Most recently, in Ambac Assurance Corp., v. Countrywide Home Loans, Inc., 2014 WL 6803006, No. 651612/10 (1st Dep't 2014), a New York appellate court, guided by recent Federal decisions and Delaware law, abandoned the litigation requirement altogether. Specifically, the court noted that "[t]he 'attorney client privilege is not tied to the contemplation of litigation,' because 'advice is often sought, and rendered, precisely to avoid litigation, or facilitate compliance with the law, or simply to guide a client's course of conduct.'" Further, the court held that encouraging parties with common legal interests to seek legal advice "'to meet legal requirements and to plan their conduct accordingly' ... 'serves the public interest by advancing compliance with the law, facilitating the administration of justice and averting litigation.'"

Conclusion

The Ambac decision and the recent functional equivalent cases are the tip of the spear in the effort to assert and protect your company or client's privileged communications. As market pressures continue to force companies to find efficiencies through outsourcing typical in-house functions or engaging in joint ventures to promote or develop a product, counsel should be careful to properly structure the communication channels among vendors, third parties and joint venture partners so as not to waive any privilege.
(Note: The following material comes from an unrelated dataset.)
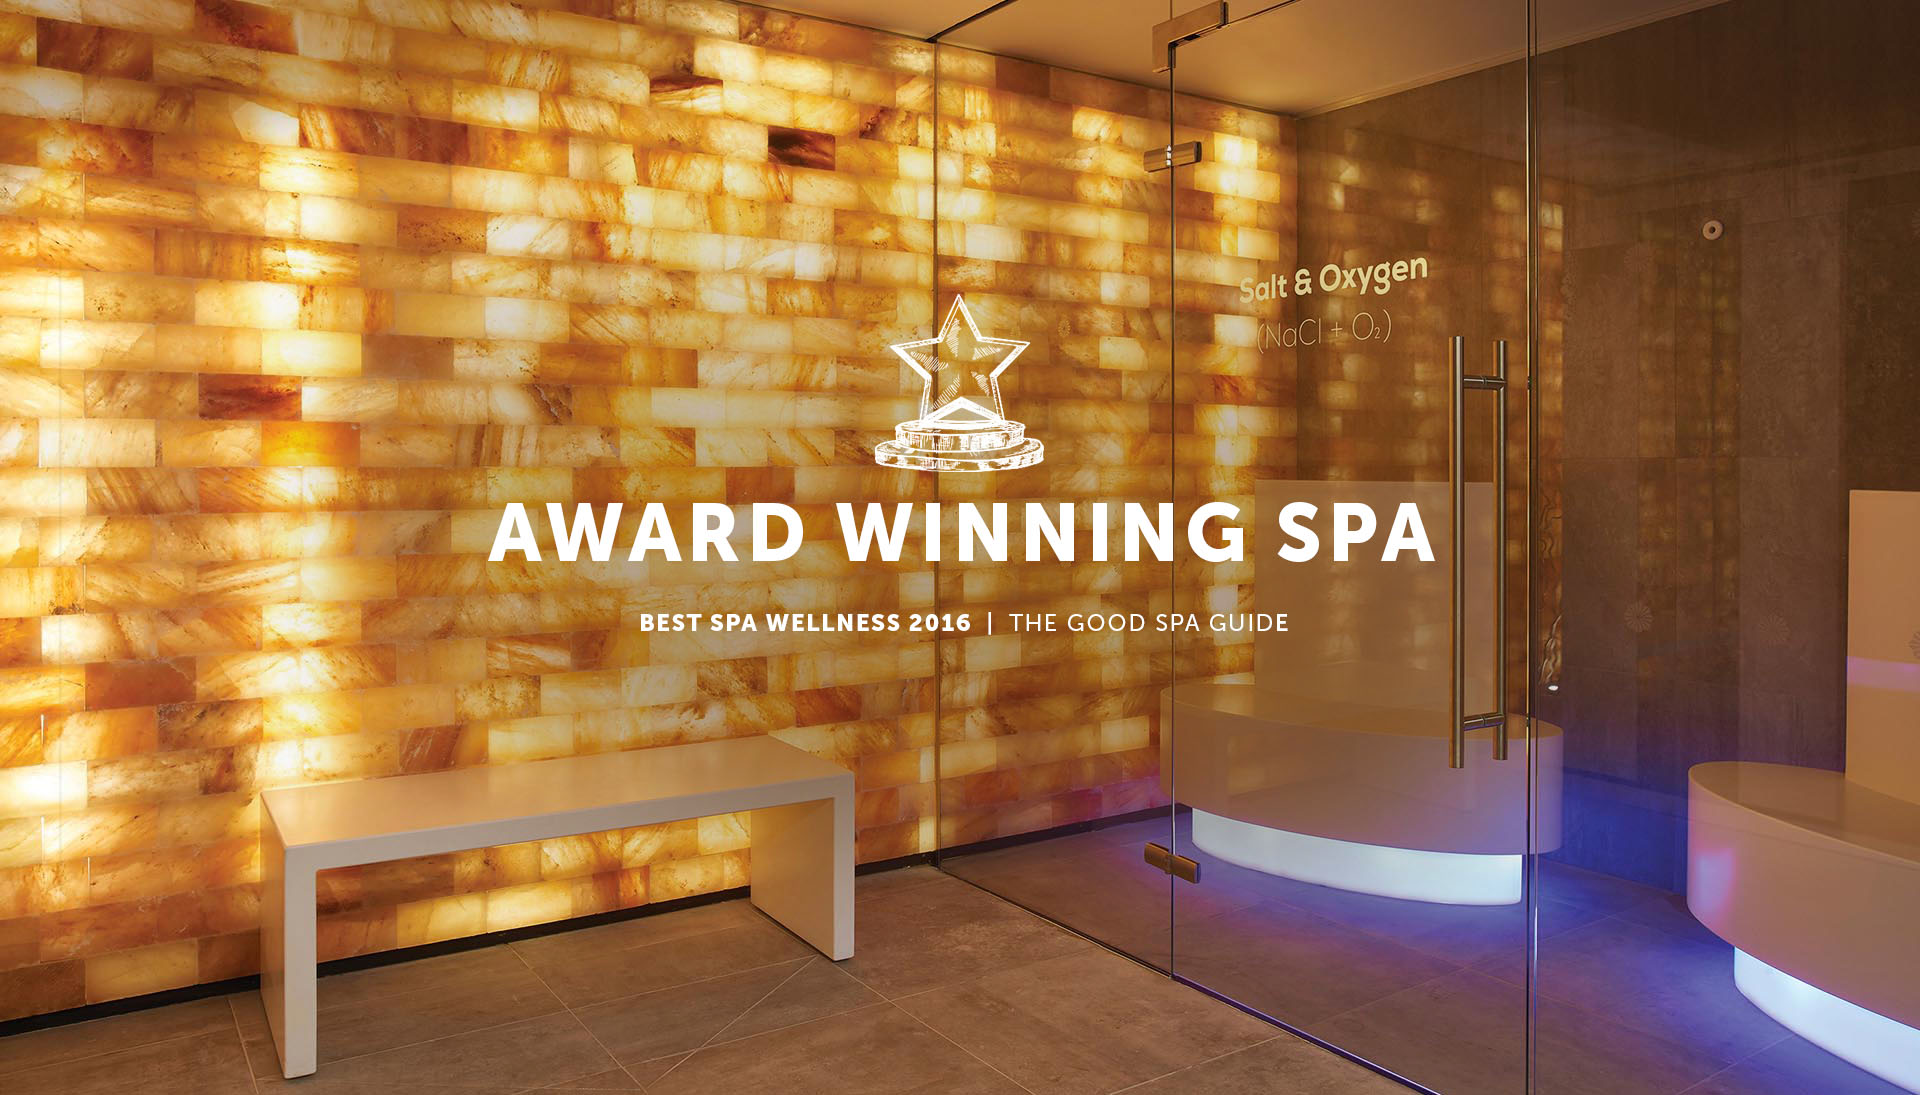 champneys-tring-award-winning-spa-the-good-spa-guide

Taking a proactive approach to understanding the privilege rules of the relevant jurisdiction — which will most likely be the rules of the state in which the communications were made — before sharing privileged communications with a vendor or joint venture partner will save a great deal of stress in the future. Likewise, litigation counsel must be diligent in asserting these privileges during discovery, in order to educate opposing counsel and the courts on the recent shifts in the law.